** TRY IT **
Return all of the data exactly, with nothing left out but the pictures.

** RECORDED DATA **
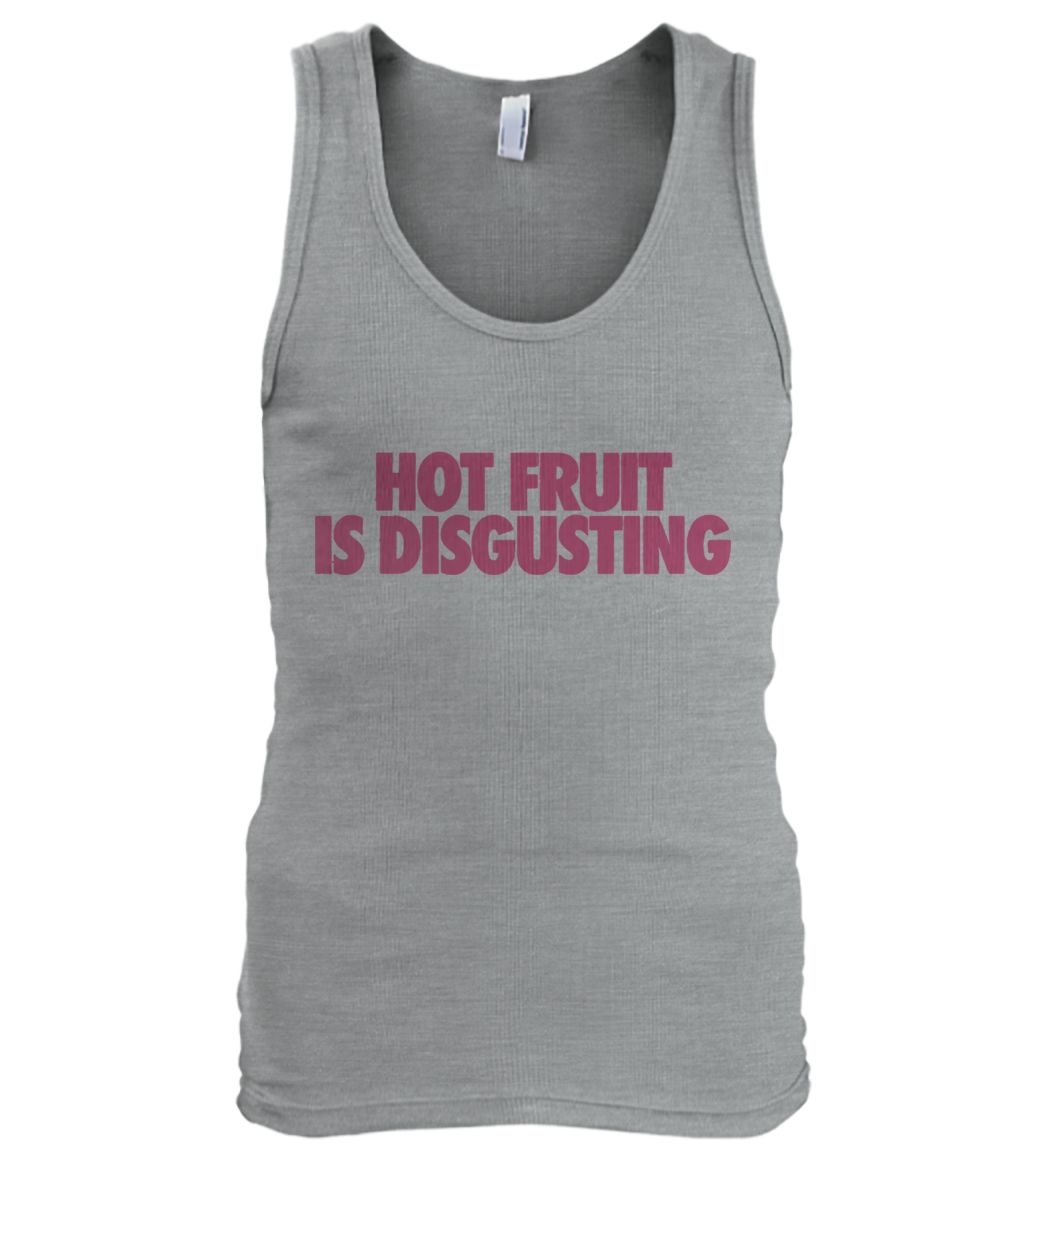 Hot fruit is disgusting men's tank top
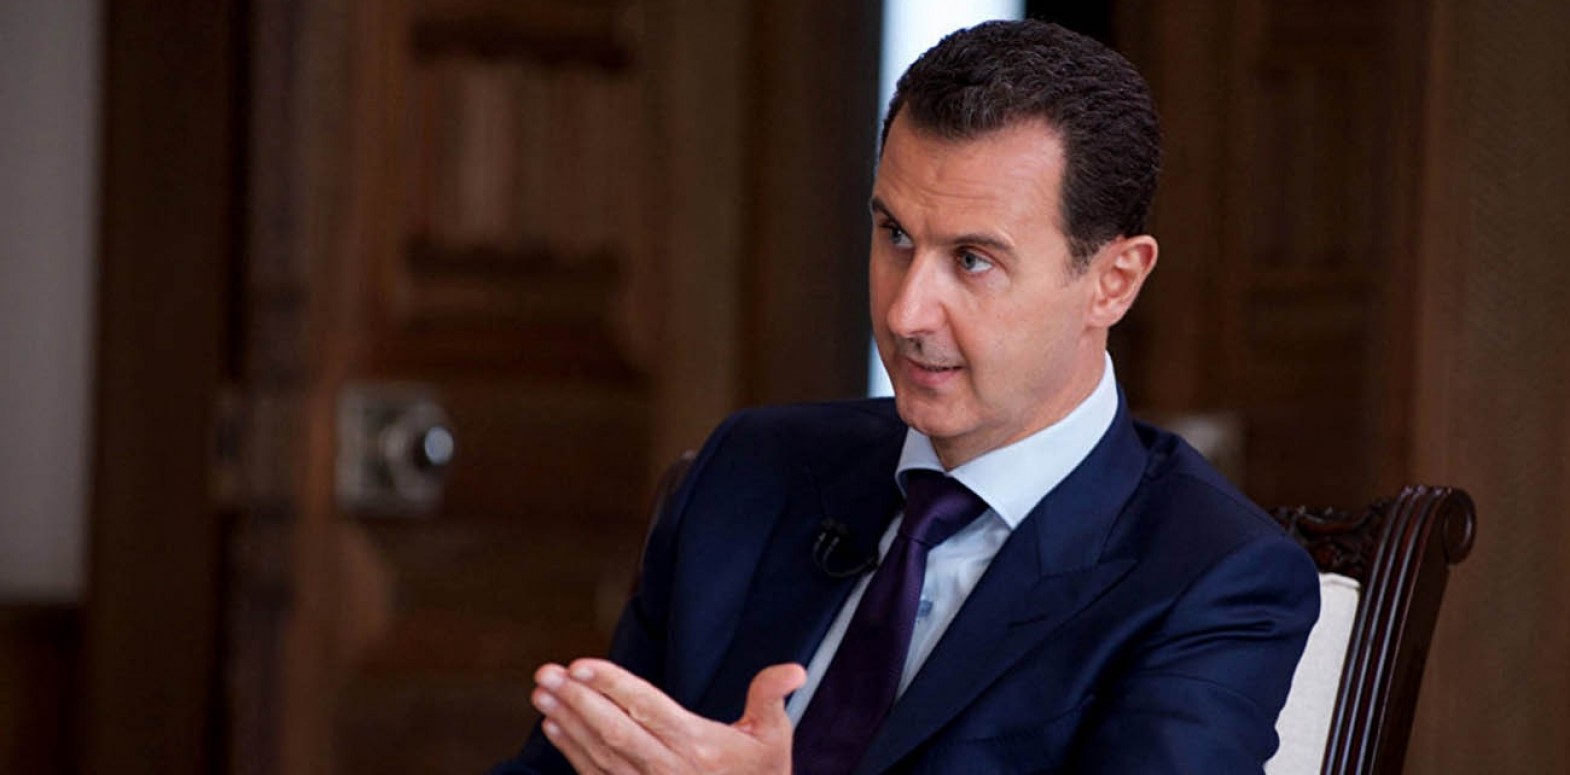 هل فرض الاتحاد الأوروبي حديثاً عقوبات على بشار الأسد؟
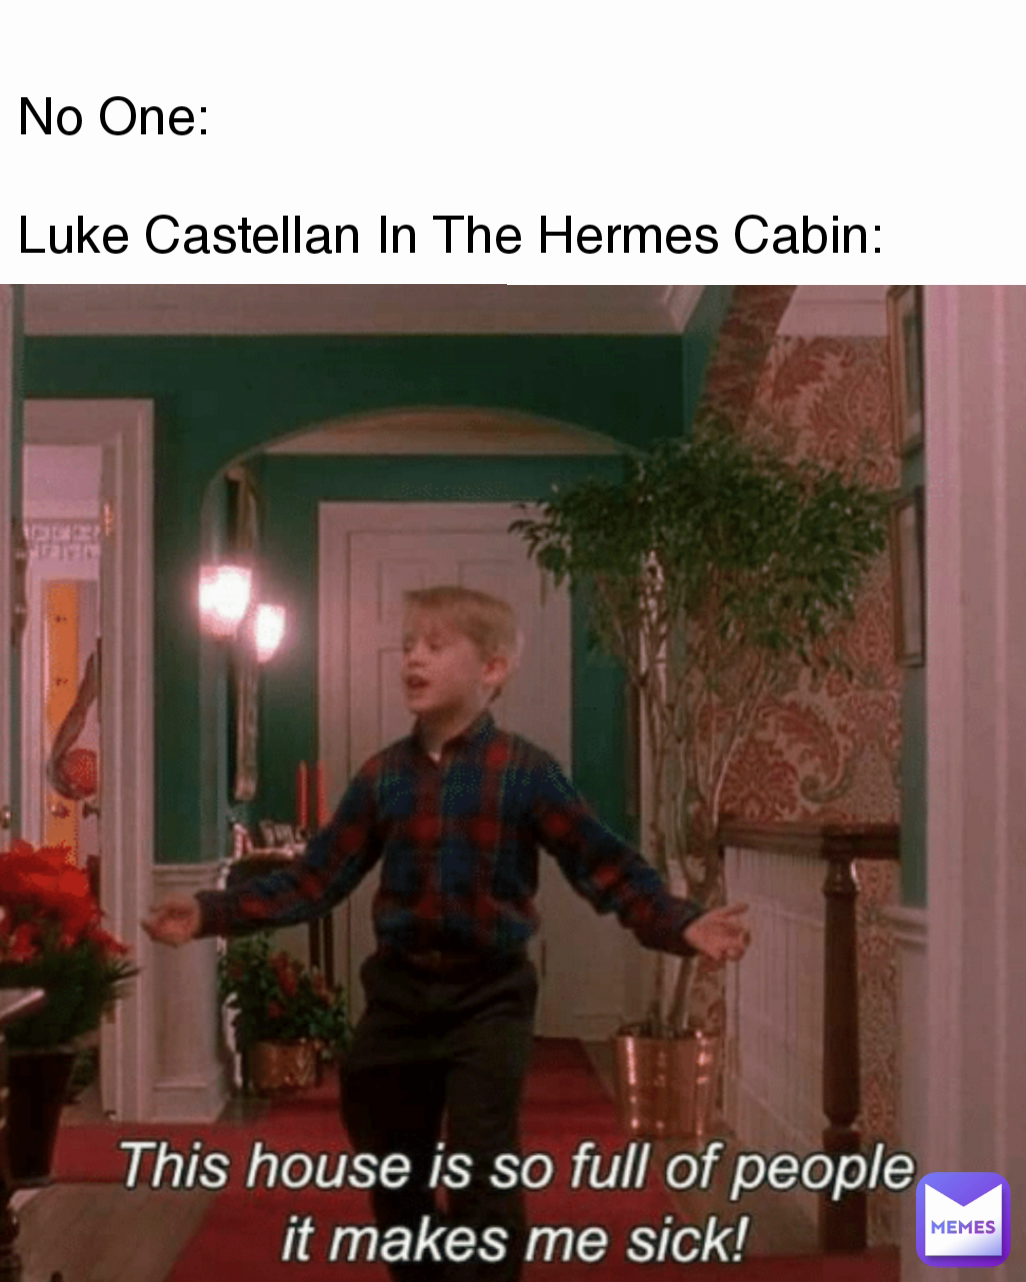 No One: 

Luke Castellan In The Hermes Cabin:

** RESPONSE TO THIS TASK **
 Hot fruit is disgusting men's tank top
 هل فرض الاتحاد الأوروبي حديثاً عقوبات على بشار الأسد؟
 No One: 

Luke Castellan In The Hermes Cabin:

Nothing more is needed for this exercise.